Bouncing Particles on a smooth table

[Bucky]

"Particles A, B and C , each of mass m, lie at rest in a straight line in the order stated. A is projected directly towards B with velocity u. The coefficient of restitution is 0.5 in each impact that follows. Show that there will be three impacts in total and find the final velocities of each particle."

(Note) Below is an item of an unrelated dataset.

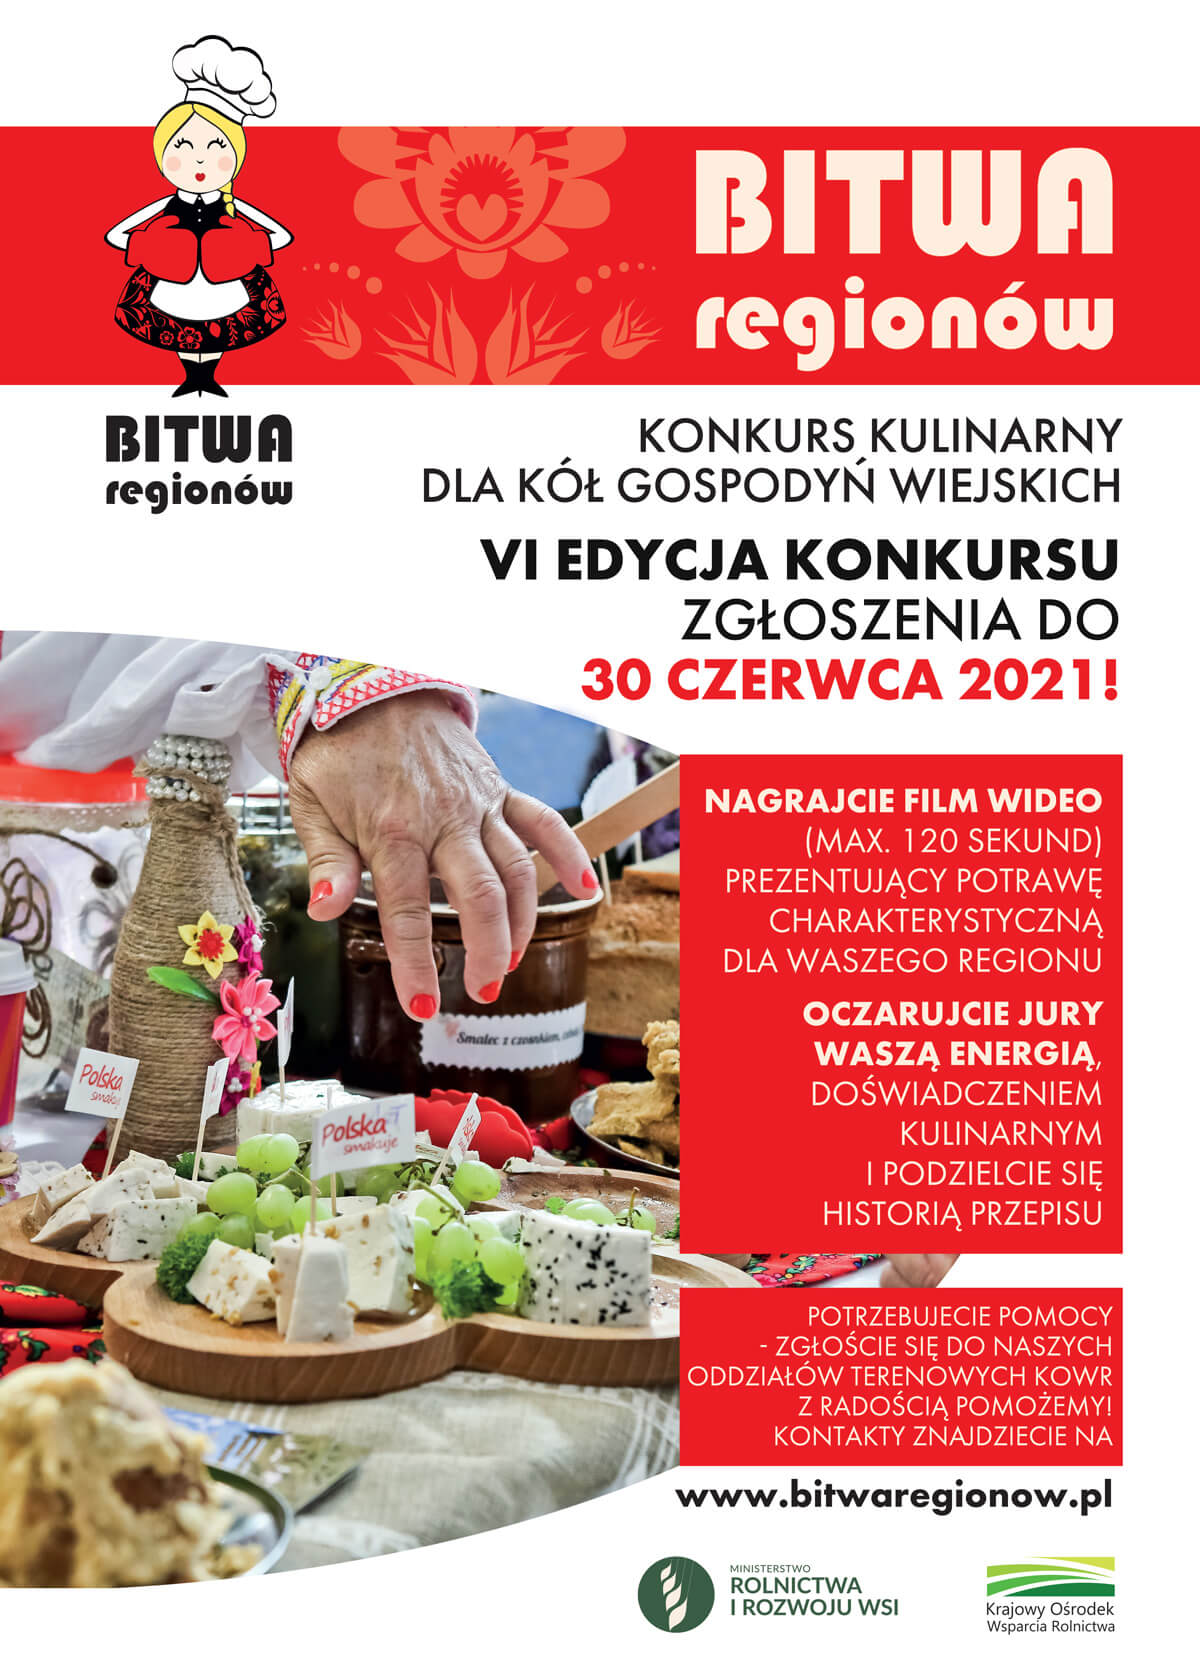 Bitwa regionów - konkurs kulinarny

I have 'an' answer for the first part:-

A and B Collide

Velocity of separation $$= e (u_1 - u_2) =0.5(u-0) =0.5u$$
$$v_1 + v_2 = u // v_1 = u - v_2$$

$$v_2 - v_1 = e(u_1 - u_2)// v_2 - u + v_2 = 0.5u// 2v_2 = 1.5u// v_2 = 0.75u$$
$$v_1 = u - v_2 v_1 = u - 0.75u v_1 = 0.25u$$

is this the right way to do this question? the problem comes later when the moving particles hit each other.

 

[anathema]

Hello! Thank you for your contribution to the forum post. Your approach to solving the problem is correct so far. Now, let's move on to the next step where the moving particles collide with each other.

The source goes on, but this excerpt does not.